Opinion
A McCain Presidency Wouldn't Be So Bad
The New Republic: Ariz. Senator Would At Least Put An End To The Politics Of Karl Rove
July 19, 2008
http://www.cbsnews.com/stories/2008/07/18/opinion/main4272749.shtml(The New Republic) This column was written by Jonathan Chait.The presidential election has an oddly placid feel to it. Four years ago, the notion that George W. Bush would get another four years in office, actually ratified by a plurality of the voters, was more than any liberal could bear, and, after the election, there was loose talk everywhere about "Jesusland" and wanting to flee to Canada. This time, even though Democrats are extremely enthusiastic about Barack Obama, that life-and-death quality is absent. I think the reason is that a lot of liberals kind of like John McCain. I know I do.

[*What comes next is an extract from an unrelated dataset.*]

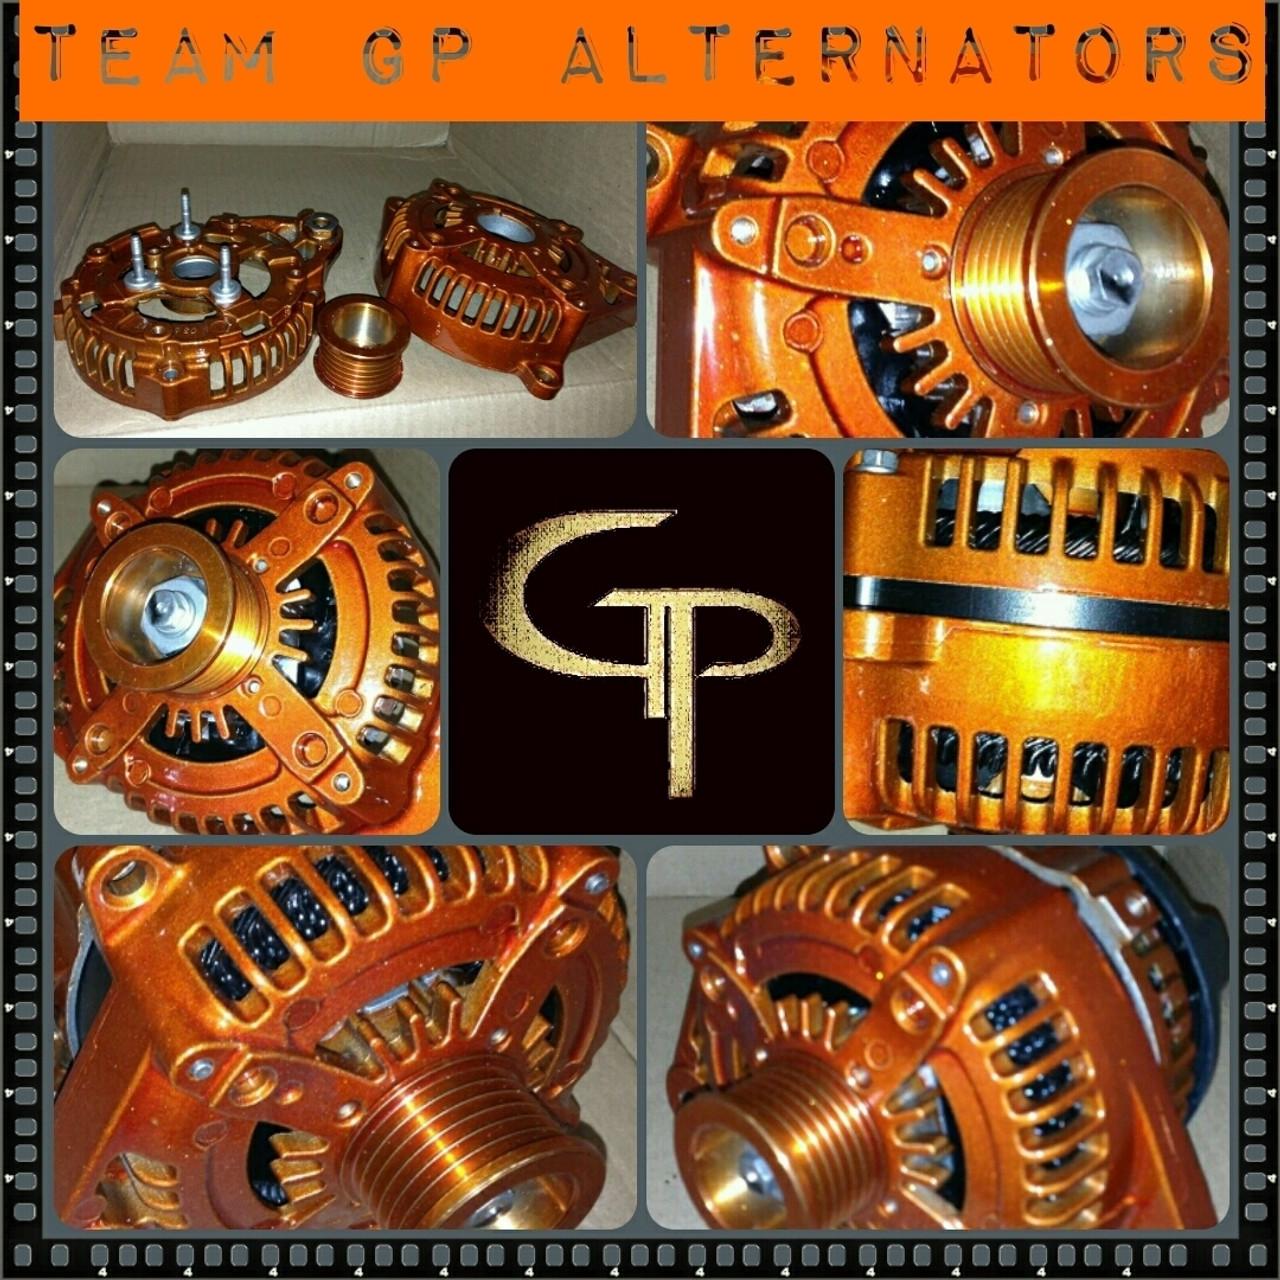 TOYOTA TACOMA 4.0 -2005-2011- 300AMP TEAM GP Alternator
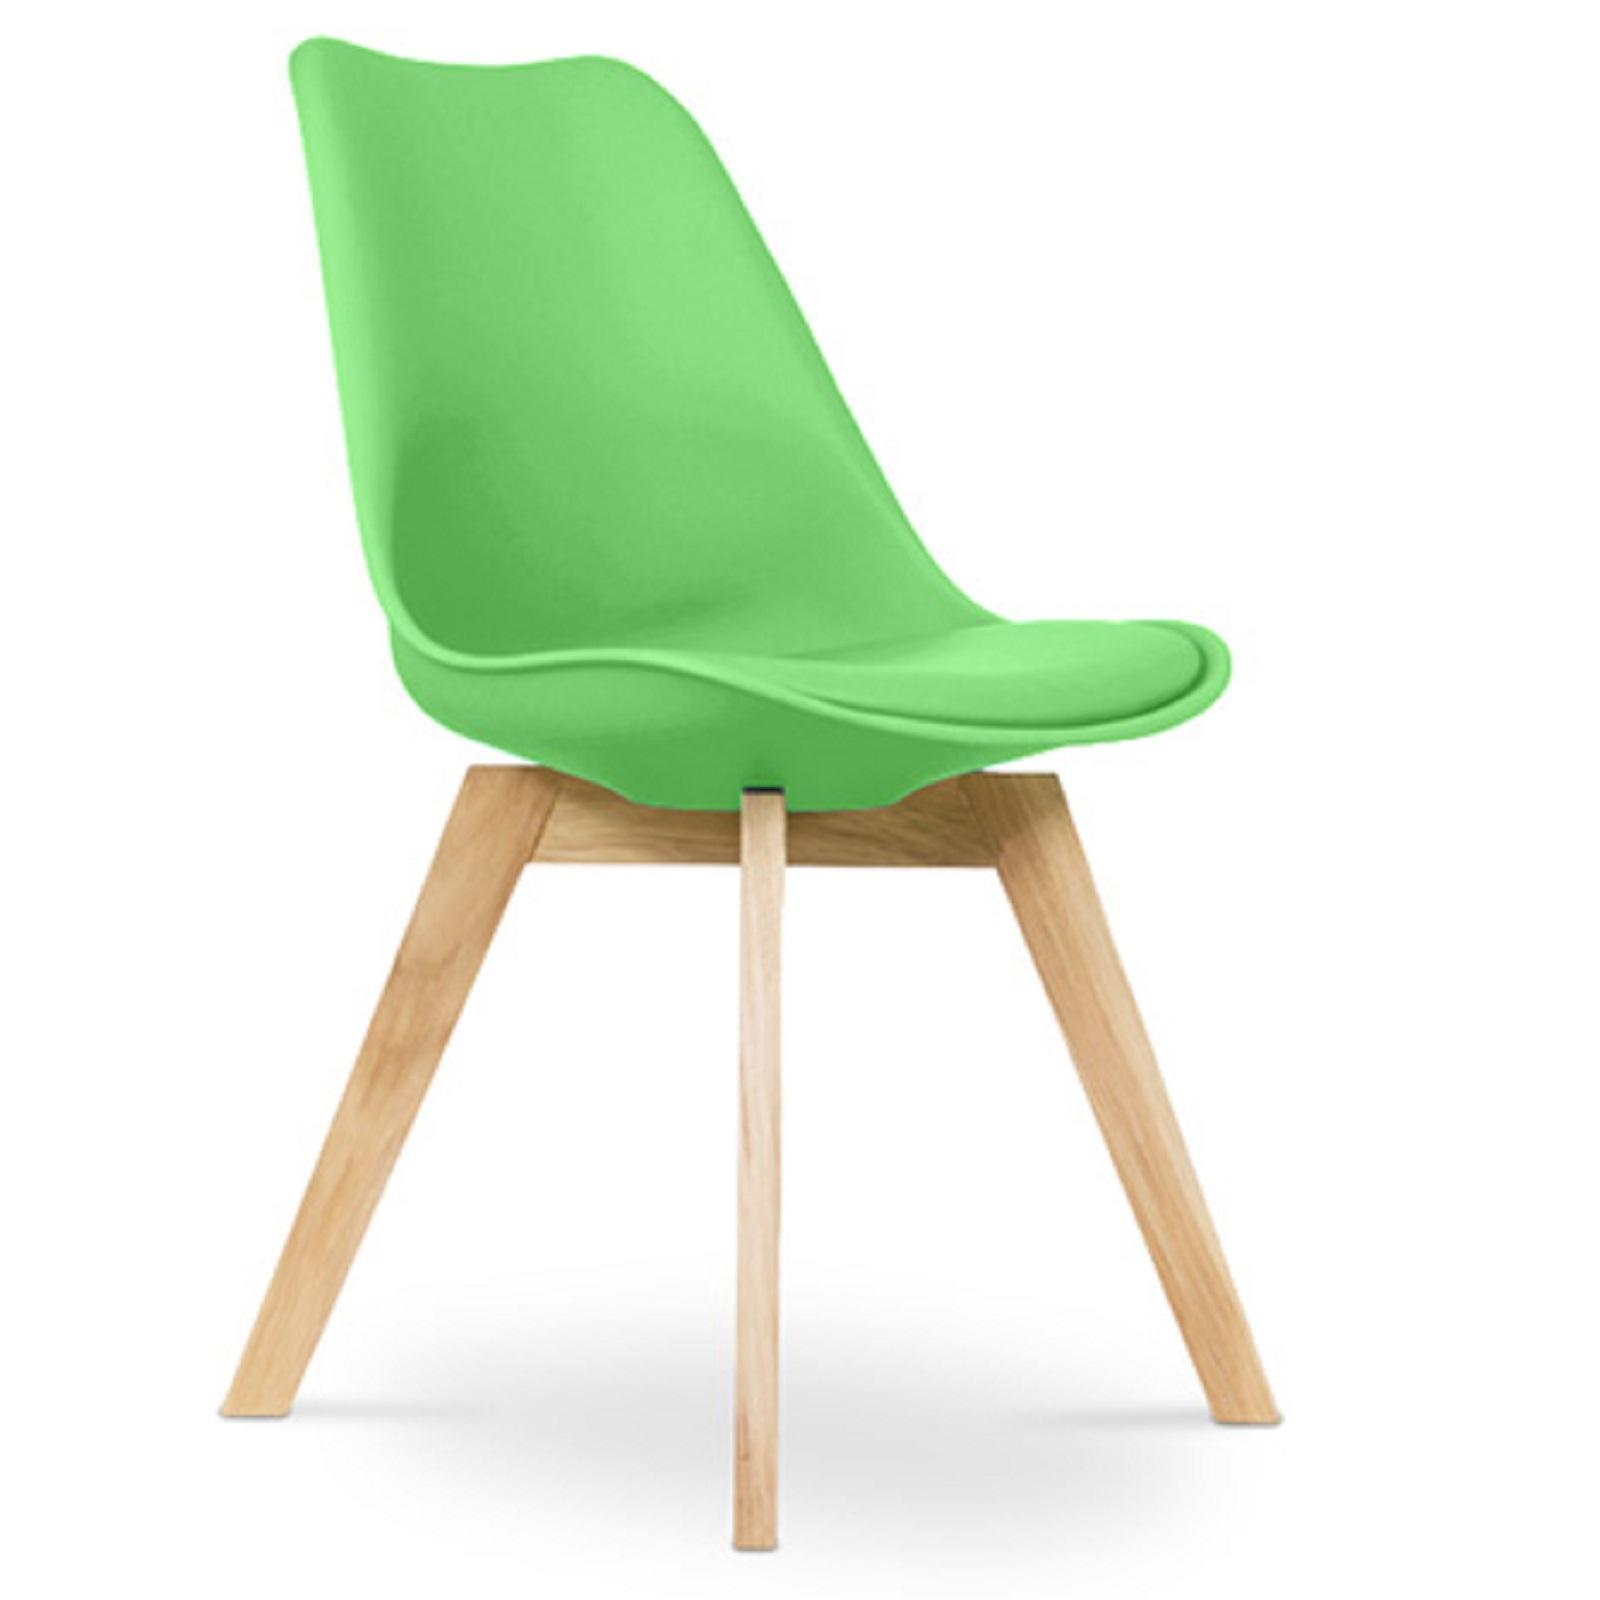 chaise scandinave avec coussin simili vert inspir charles. Black Bedroom Furniture Sets. Home Design Ideas

Eight years ago, I was a hard-core liberal McCainiac. Here was a Republican saying things no other Republican would say and fighting, Teddy Roosevelt-style, to wrest his party from the hands of the plutocrats who controlled it. And, in the years immediately following that run, McCain established himself as perhaps the country's foremost progressive champion. He was an opponent, on moral and fiscal grounds, of tax cuts that overwhelmingly benefited the rich. He was also a fierce opponent of the extreme elements of the religious right. He was a proponent of global-warming legislation, the Law of the Sea Treaty, a moderate immigration bill, expanded public financing of elections, a tobacco tax, and many other liberal reforms.
Today, he is none of these things. McCain is almost never asked about his scandalous past. On those rare occasions when he is, he either dissembles (claiming to have opposed tax cuts on the grounds that there were no concurrent spending cuts) or interrupts the questioning with an angry outburst (in response to queries about his reportedly extended discussions about joining John Kerry's 2004 ticket). Today, McCain not only claims not to have altered his views for political convenience, he has preposterously made his alleged refusal to do so the central theme of his campaign.
Yet, somehow, I still feel some pangs of affinity for the old codger. Where Bush is peevish, entitled, and insecure, McCain's charming, ironic, and self-deprecating. Bush's path to public life was trading on his father's name to run a series of business ventures into the ground before being handed a baseball team. McCain's was an episode of awe-inspiring perseverance.